Собственно говоря, он мог бы и не упрекать себя. Он никогда не вступал в партию. Его анкета была бы ослепительно белоснежной.
Вокзал для электричек в Эйхкампе, 30 октября 1944-го. Русские в Силезии, американцы в Арденнах. Моя увольнительная закончилась. Родители провожают меня до электрички, и она медленно подъезжает к холодному, пустому перрону. Они стоят там в своих ставших слишком длинными и слишком свободными пальто, болтающихся на их исхудавших телах.
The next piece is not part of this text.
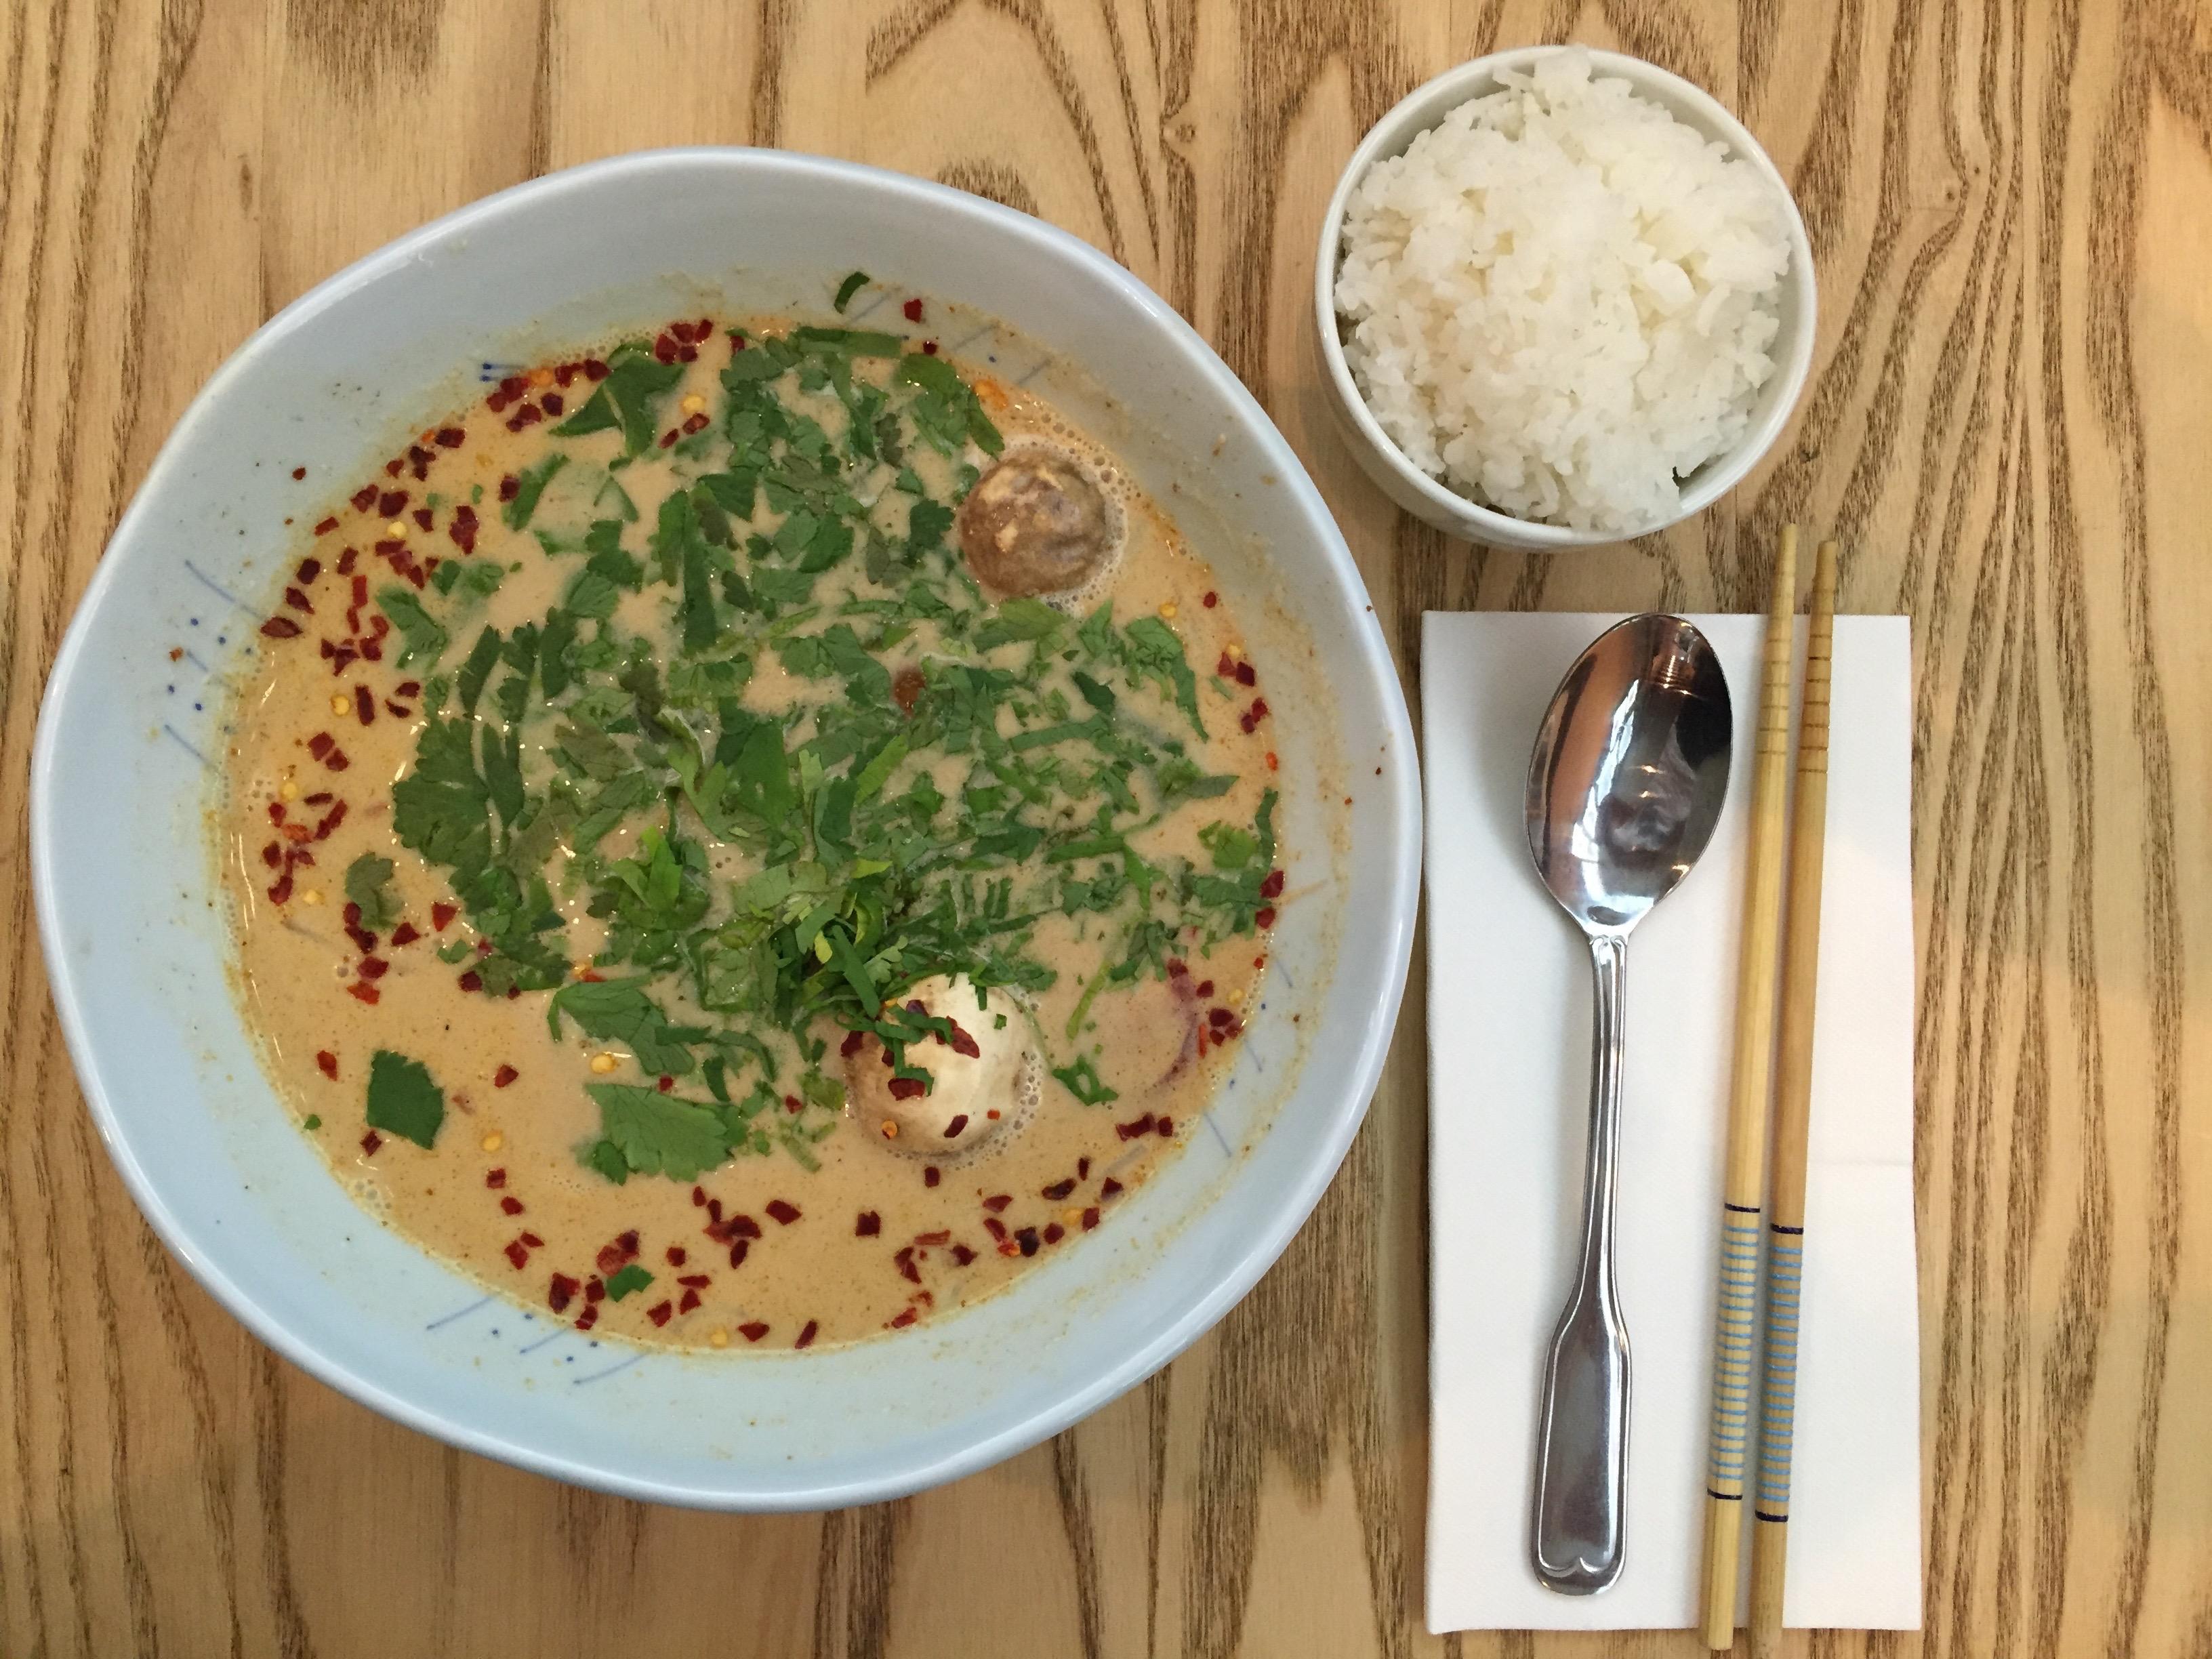 East суп

На их лицах читаются слабость, голод и страх. В их глазах бесцельно мелькает любовь. Усталость вымирающего класса, который снова обманули. Семейные разговоры – хоть ты у нас остался, смущенный смех, озабоченные напутствия моей матери, как я должен вести себя на фронте: всегда тепло одеваться, не лезть на передовую, всегда делать то же, что и другие. Заверения, что совсем скоро увидимся снова. Электричка останавливается. Я хватаю свой багаж. Мне двадцать пять – им почти шестьдесят. Я чувствую себя сильным – они выглядят как дрожащие, беспомощные старики. Семейное объятие, отдающее болью. Я забираюсь в электричку и закрываю дверь. Подхожу к окну. Открываю его, высовываюсь наружу.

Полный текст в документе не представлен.